But that mission, and the many modernist-style buildings and structures it spawned, are viewed with disdain by the current Park Service; just as mid-century architecture is becoming eligible for historical preservation status, and as scholarship and critical appreciation is picking up, Mission 66 buildings are under threat of destruction or major alteration in line with current tastes and trends in exhibition and interpretive practice.
As it turns out, the battlefields of Gettysburg have been the site of many strategies of remembrance, commemoration, and visitor/tourist experience. More than 1,600 structures, buildings, sculptures, markers, and memorials have been erected on the site over the last 147 years, not including the railroad station, dance hall, casino, brothel, or souvenir photo studio which were on-site for the massive 50th anniversary/veterans reunion in 1913. Which means that whether officials choose to acknowledge it or not, there is a constant debate at the site about significance, appropriateness, meaning, experience, memory, and history, and that bears directly on the fate and future of the Cyclorama Center.

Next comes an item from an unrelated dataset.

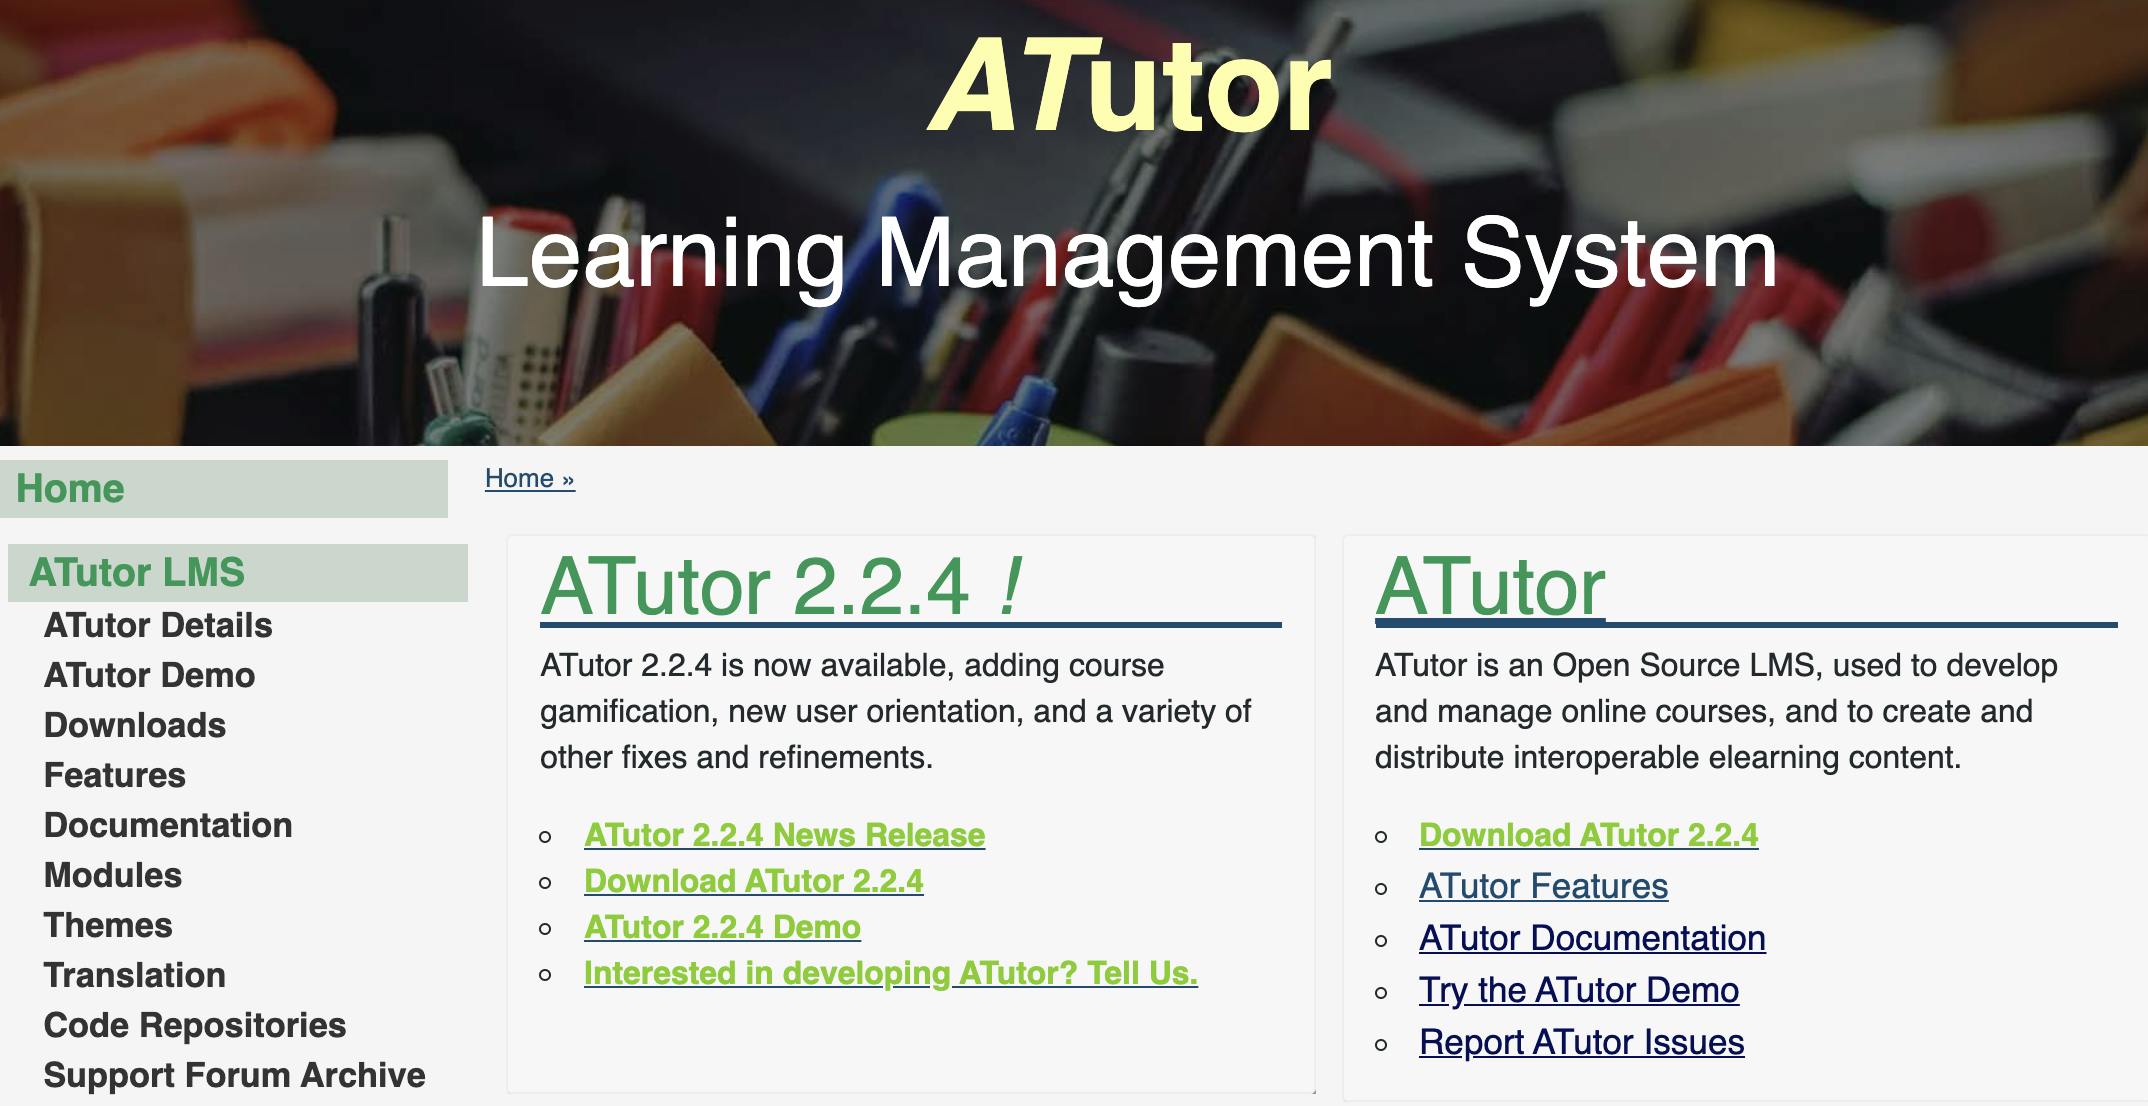 Training Website - AtTutor

When I asked about the Cyclorama Center at the information desk in the sprawling, new, historicist, farm building-looking visitor center last weekend, my question was met with brusque disinterest. “It’s just a round building, nothing significant about it,” said the Friends of Gettysburg volunteer.

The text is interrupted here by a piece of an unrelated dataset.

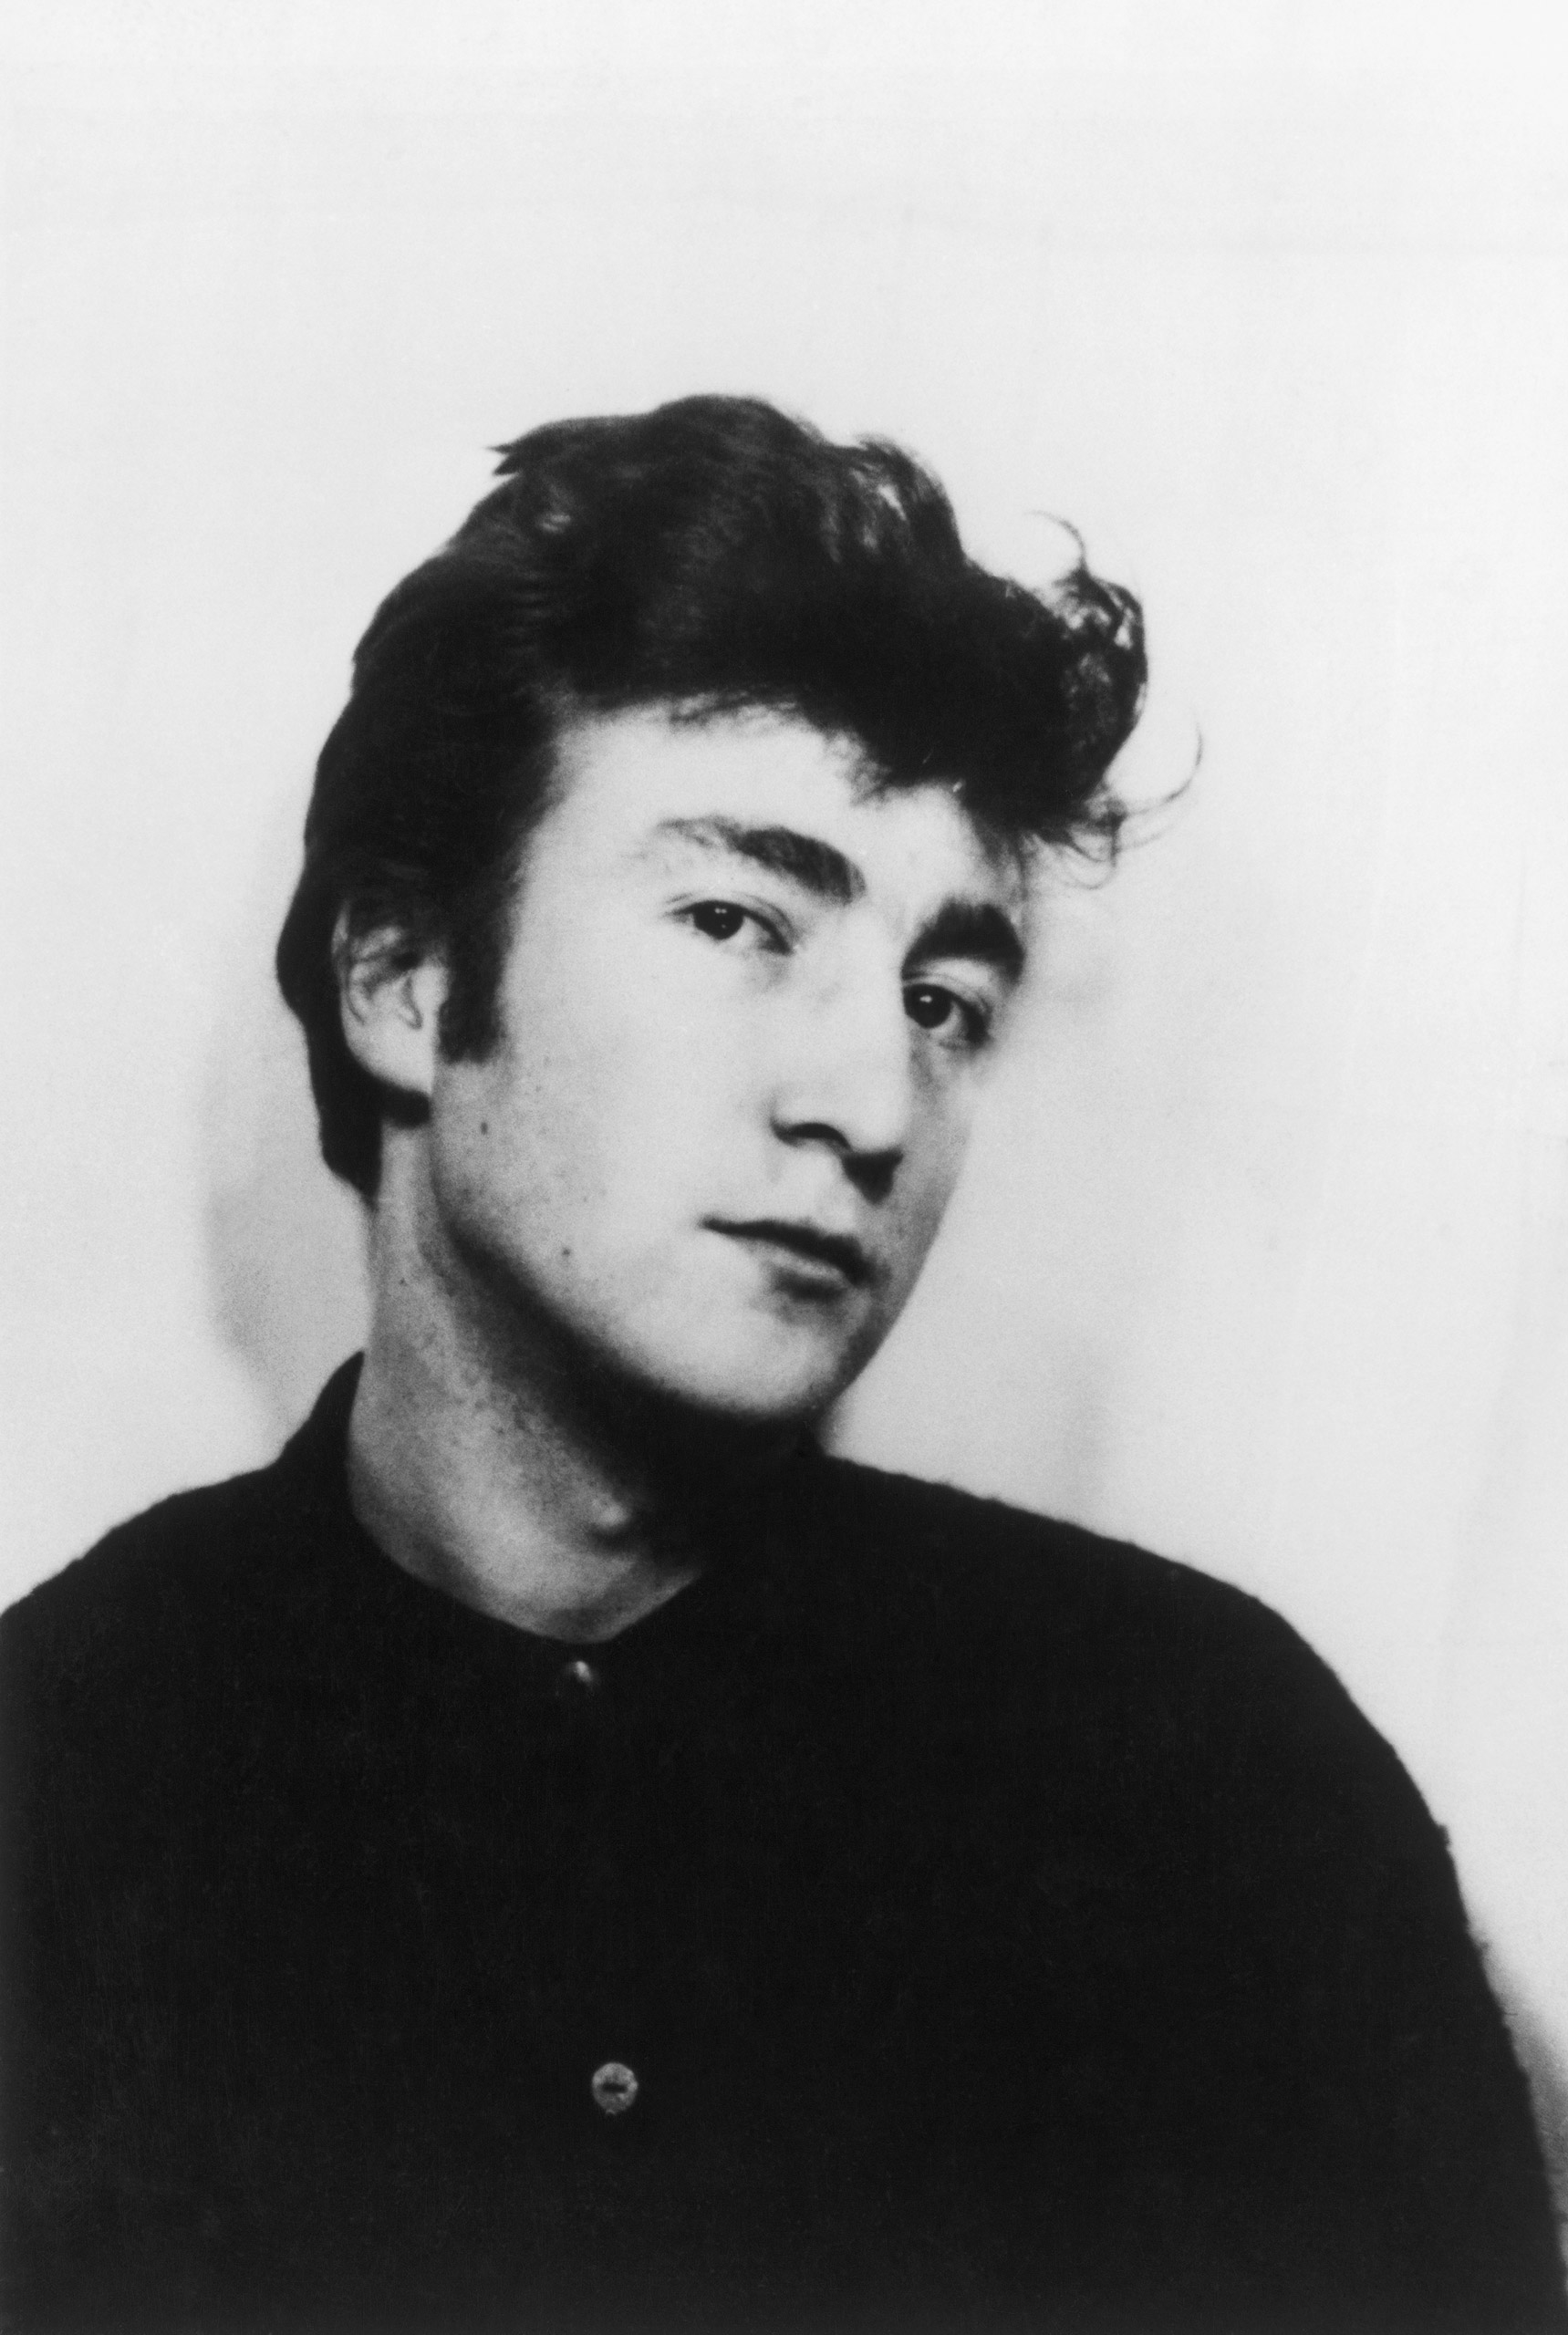 John Lennon, Pre-Beatles, circa 1960/1961.

The Friends of Gettysburg merged with the Gettysburg Foundation in 2007. For almost two decades, the Gettysburg Foundation had helped the Park Service develop and realize the Gettysburg Battlefield Rehabilitation Project, the stated goal of which is to “rehabilitate the land to as close as possible to its 1863 appearance,” in order that the site’s “important physical qualities [will help] tell the story of the Battle of Gettysburg.”
A great deal of a 2007-8 project summary [pdf] talks about altering the terrain–removing or planting woodlands, replanting orchards, redividing fields, repairing roads and paths–which will generate vast “environmental benefits.” “The rehabilitation effort will preserve nature as it preserves history,” promises the Foundation.
But the language makes a sharp shift when discussing parts of the Cemetery Ridge Project:

…in the 43.5-acre area of Cemetery Ridge, many of those features have succumbed to natural vegetative growth and other aspects of evolution. The Cemetery Ridge project was initiated to rehabilitate this highly significant land. This project involves:

  • Removal of the original Gettysburg visitor center building, which sits on the hallowed ground of Zeigler’s Grove. This older structure is being replaced by a new 139,000 square foot Museum and Visitor Center, which will open in April 2008. The new center is situated on an area that saw no major battle action, about 2/3 of a mile from the former park visitor center.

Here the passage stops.